Комиссар, уже направившийся к выходу, вдруг сказал:
— Господин доктор, я вынужден просить вас о недельном отпуске по болезни.
— Хорошо, — ответил Лутц, прикрывая трубку рукой, так как его уже соединили, — с понедельника можете не приходить.
В кабинете Берлаха ожидал Чанц, вставший при его появлении. Он старался казаться спокойным, но комиссар видел, что полицейский нервничает.
— Поедем к Гастману, — сказал Чанц, — время не терпит.
— К писателю, — ответил старик и надел пальто.
— Обходные пути, все это обходные пути, — негодовал Чанц, спускаясь следом за Берлахом по лестнице.
Комиссар остановился у выхода:
— Это же синий «мерседес» Шмида.
Чанц ответил, что купил его в рассрочку, кому-то машина ведь должна принадлежать, и открыл дверцу.
Берлах уселся рядом с ним, и Чанц поехал через вокзальную площадь в сторону Вефлеема. Берлах проворчал:
— Ты снова едешь через Инс.
— Я люблю этот маршрут.
Берлах смотрел на чисто умытые поля. Все кругом было залито ровным спокойным светом. Теплое, ласковое солнце висело в предвечернем небе, уже склоняясь к горизонту. Оба молчали.
Лишь один раз, между Керцерсом и Мюнчемиром, Чанц прервал молчание:
— Фрау Шенлер сказала мне, что вы взяли из комнаты Шмида папку.
— Ничего особенного, Чанц, только личные бумаги.
Чанц ничего не ответил, ни о чем не спросил; Берлах постучал пальцем по спидометру, показывающему сто двадцать пять километров.
— Не так быстро, Чанц, не так быстро. Дело не в том, что я боюсь, но мой желудок не в порядке. Я старый человек.

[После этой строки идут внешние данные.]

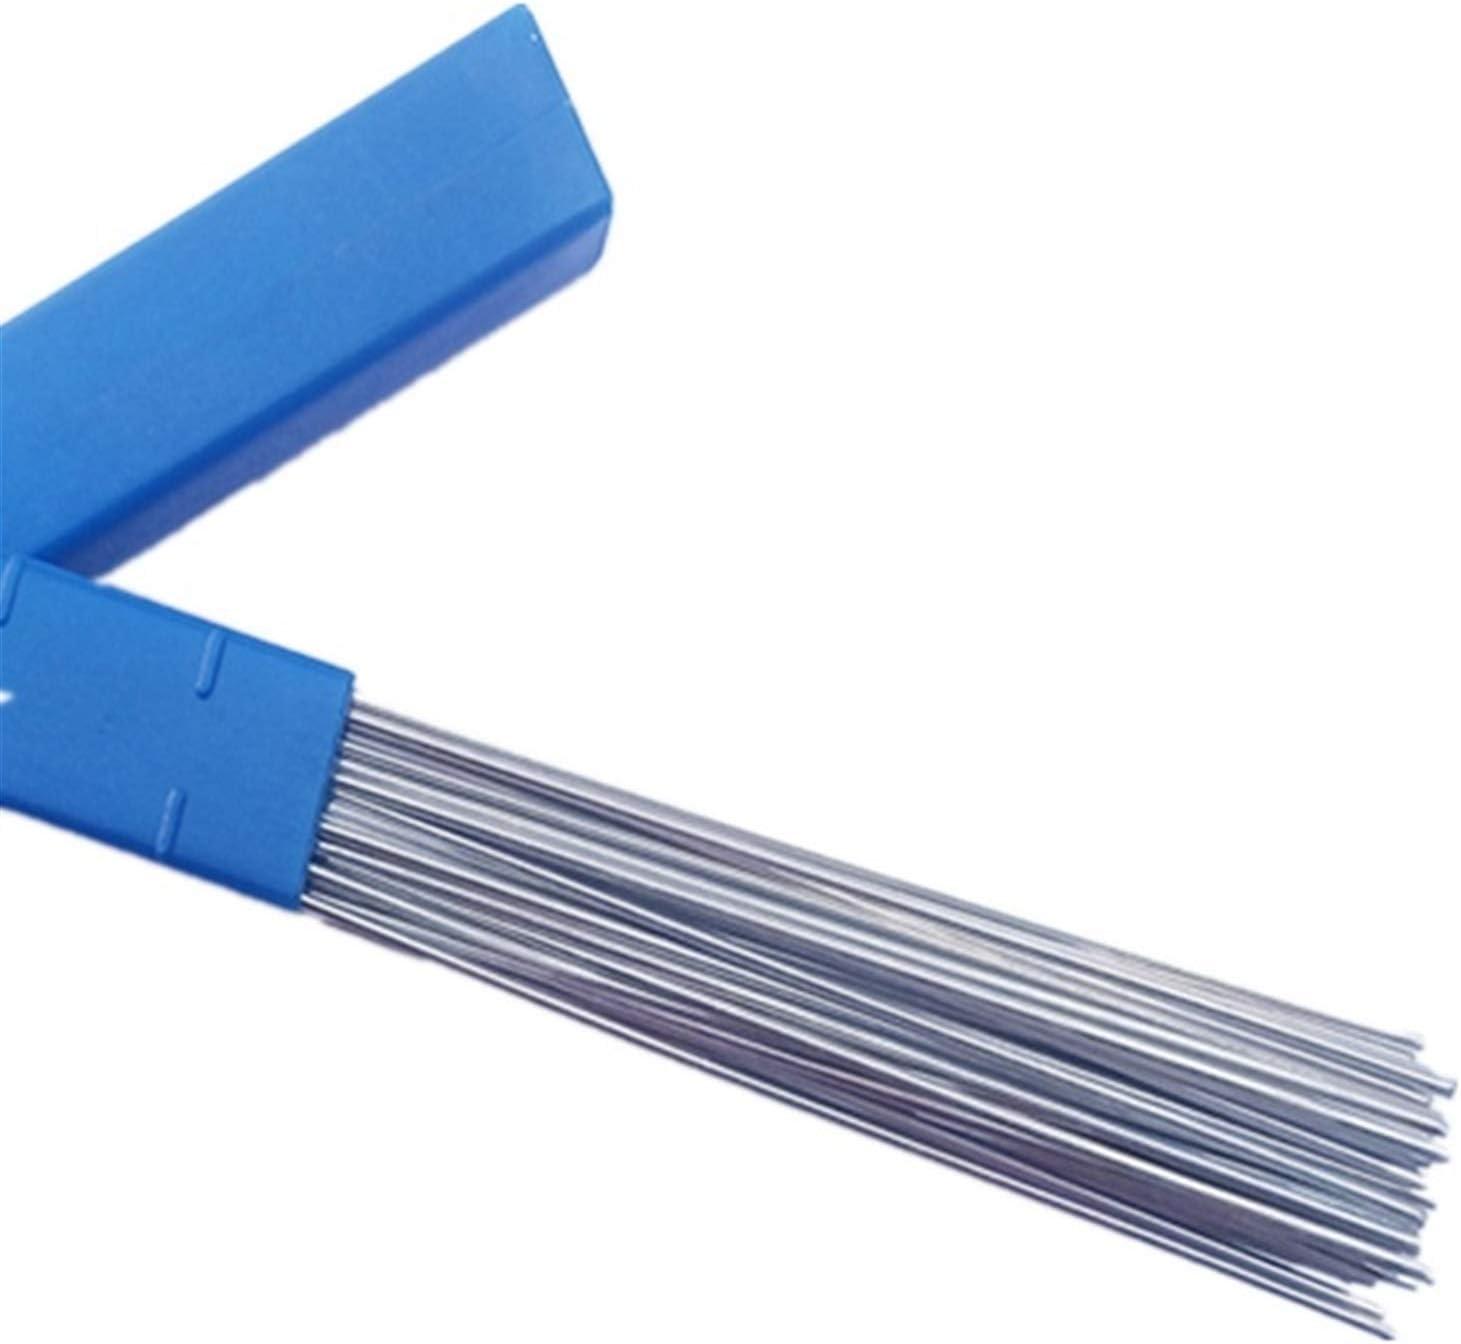 Yangg-Welding Rods Durable service 20 50pcs Max 80% OFF Temperature Low We Aluminum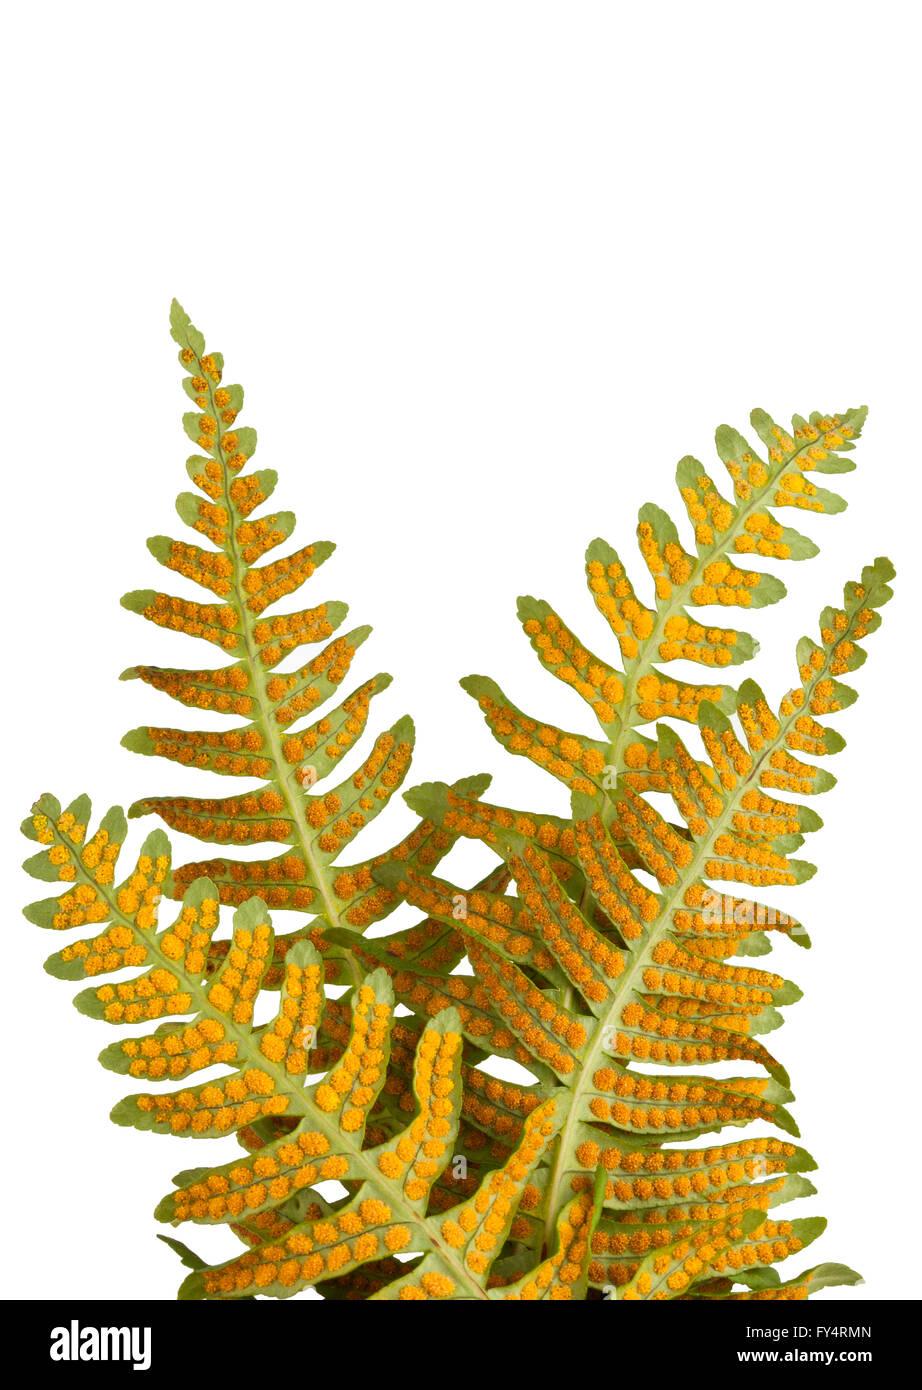 'Licorice Fern' 'Polypodium glycyrrhiza' Four fern leaves showing orange dots reproductive spores - Stock Image

Писатель принял их в своем кабинете. Это было старое низкое помещение, при входе в которое им пришлось нагнуться. Снаружи вслед им продолжала лаять маленькая белая собачонка с черной мордой, где-то в доме плакал ребенок. Писатель сидел у готического окна, одетый в комбинезон и коричневую кожаную куртку. Он повернулся на стуле к входившим, не вставая из-за письменного стола, заваленного бумагами. Он не приподнялся, еле кивнул и лишь осведомился, что полиции угодно от него. Он невежлив, подумал Берлах, не любит полицейских; писатели никогда не любили полицейских. Старик решил быть начеку. Чанц тоже был не в восторге от такого приема. Ни в коем случае не дать ему возможности наблюдать за нами, иначе еще и в книгу попадем, примерно так подумали оба. Но когда они по знаку писателя уселись в мягкие кресла, то с изумлением заметили, что оказались в свете небольшого окна, в то время как лицо писателя было едва различимо в низкой зеленой комнате среди множества книг — так коварно слепил их свет.